Saturday, March 31, 2012

Free Fund Trade Rule Eased by Fidelity

Investors prefer investing across different mutual fund families since a single family rarely has top performers in all of the available fund categories. Mutual fund supermarkets are a solution that allow investors to accomplish this goal.

Investors can choose many funds from different families, but still own them in one brokerage account through fund supermarkets. Investments can be tracked easily with consolidated reports from the broker.

Some of the best no load, no-transaction-fee (NTF) funds from different categories such as UMB Scout International, Matthews Asia Pacific Tiger, and American Century Equity Income can be accessed by investors to construct diversified portfolios.
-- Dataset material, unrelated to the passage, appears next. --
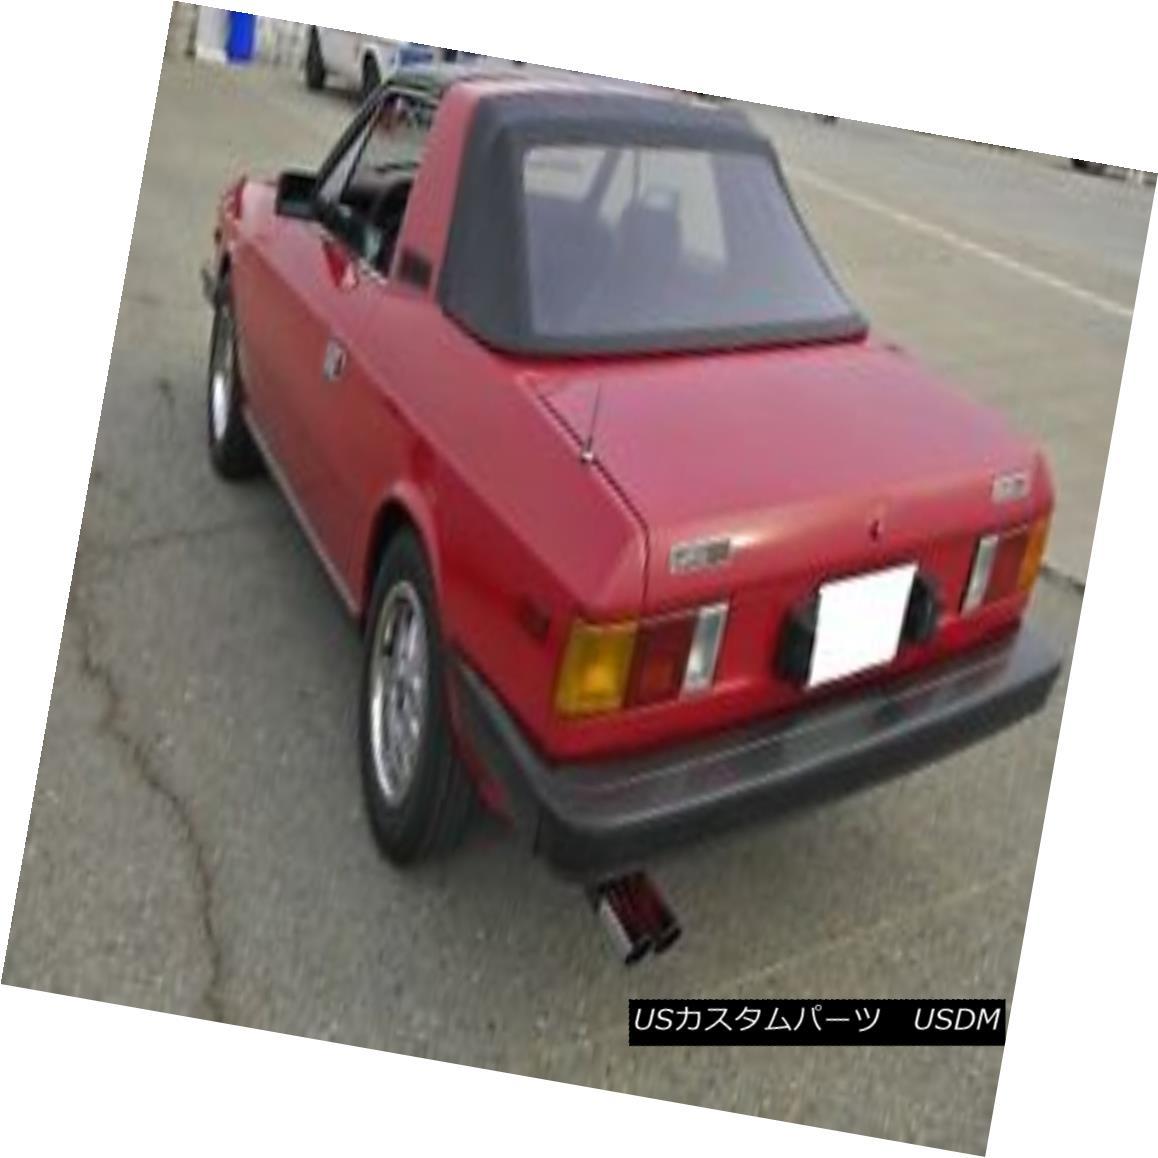 幌・ソフトトップ Lancia Beta Zagato 1979 1980 1981 1982 Convertible Soft Top Black vinyl Lancia Beta Zagato 1979 1980 1981 1982コンバーチブルソフトトップブラックビニール

As investing styles come in and go out of favor, any single fund is unlikely to stay as the top performer for all times, however well managed it is.

For example, domestic funds in the small cap growth category, which led the pack in 2010, have gone out of favor in 2011 while large cap growth funds have emerged as leaders.
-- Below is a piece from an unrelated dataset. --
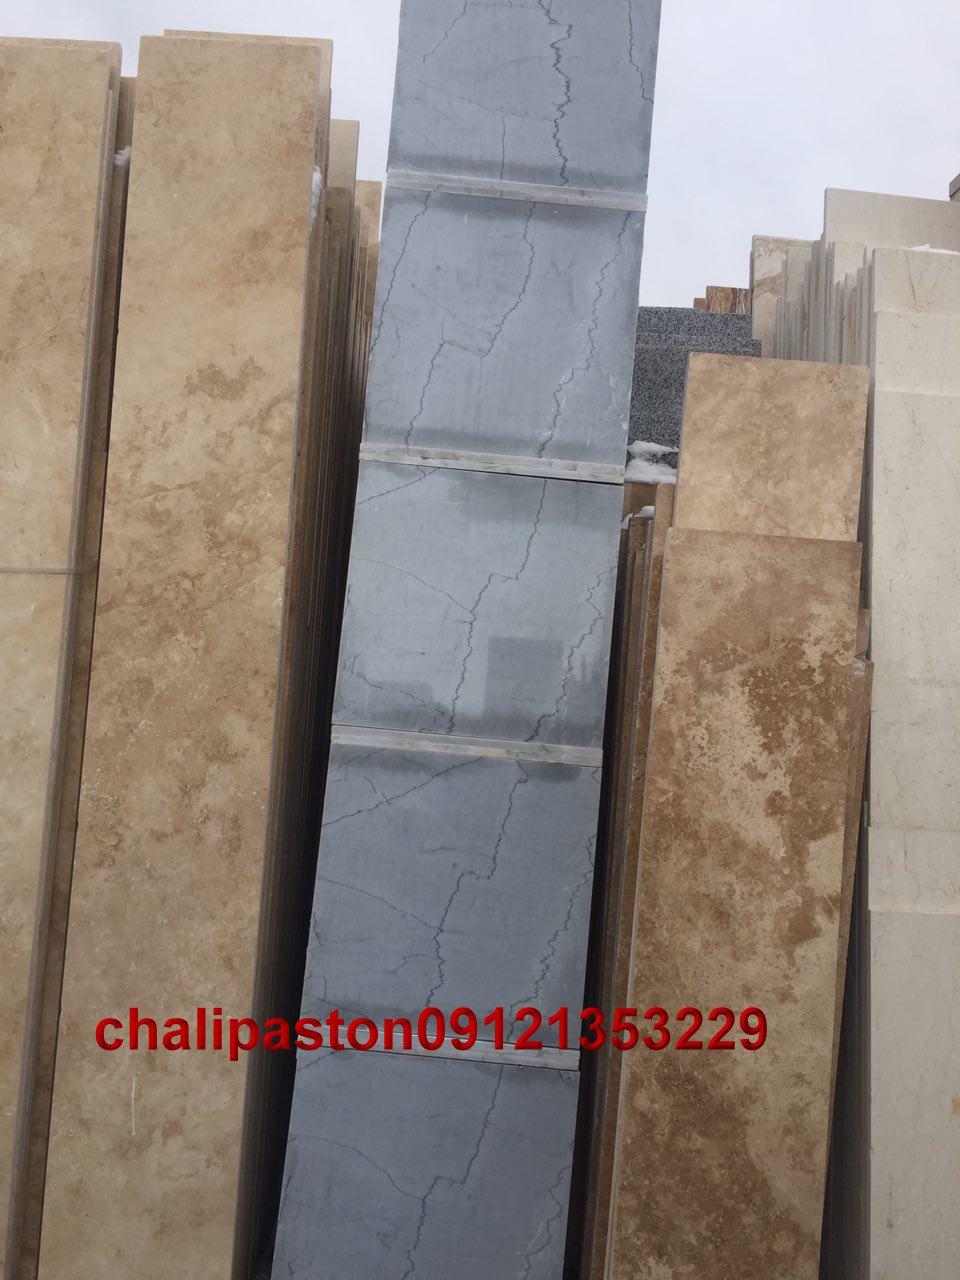 صنایع سنگ چلیپا<br/> <br/>travertine stone - granite stone - mتولید کننده سنگ های تراورتن - مرمریت – مرمر – گرانیتarble stone<br/>تولید و عرضه کننده مجموعه کاملی  services construction construction

By providing access to funds investing in different styles, regions, or countries, fund supermarkets allow investors to employ active management strategies such as style rotation or country rotation that can help to reduce losses and increase returns.

One of the common gripes investors have about fund supermarkets is the long holding period required to qualify for commission-free trades of certain no load funds... more so in volatile markets where stock price changes that would normally take several months or years to materialize transpire in just a few days.

Fidelity Lowers Minimum Holding Period Requirement

Responding to investor's preferences and concerns, Fidelity has reduced the minimum holding period required for commission-free mutual fund trades in Fidelity's FundsNetwork from 180 days to 60 days.

Fidelity has leapfrogged the competition in providing a less onerous holding period requirement for commission-free mutual fund trades. Ameritrade (AMTD) for example requires 180 days while Schwab (SCHW), E*Trade (EFTC) and Scottrade require a 90-day holding period.

It remains to be seen if competitors catch up to Fidelity's less stringent terms.

Fidelity's rule change significantly improves the attractiveness of style, region, and country rotation-based portfolios like AlphaProfit's Fidelity no transaction fee (NTF) growth model portfolio that helps investors invest in the right mutual funds at the right time.

Strategies like style, region, and country rotation can be applied more frequently due to the reduction in required minimum holding period.

When small investors make changes after start up, the lower minimum holding period requirement considerably reduces their possibility of incurring bothersome brokerage commissions in their accounts.

Sam Subramanian PhD, MBA edits AlphaProfit's Premium Service Newsletter that is 12-time winner of Hulbert Financial Digest #1 rank. He blogs on topics like Mutual Fund Picks for 2012 and Fidelity Investments Newsletter.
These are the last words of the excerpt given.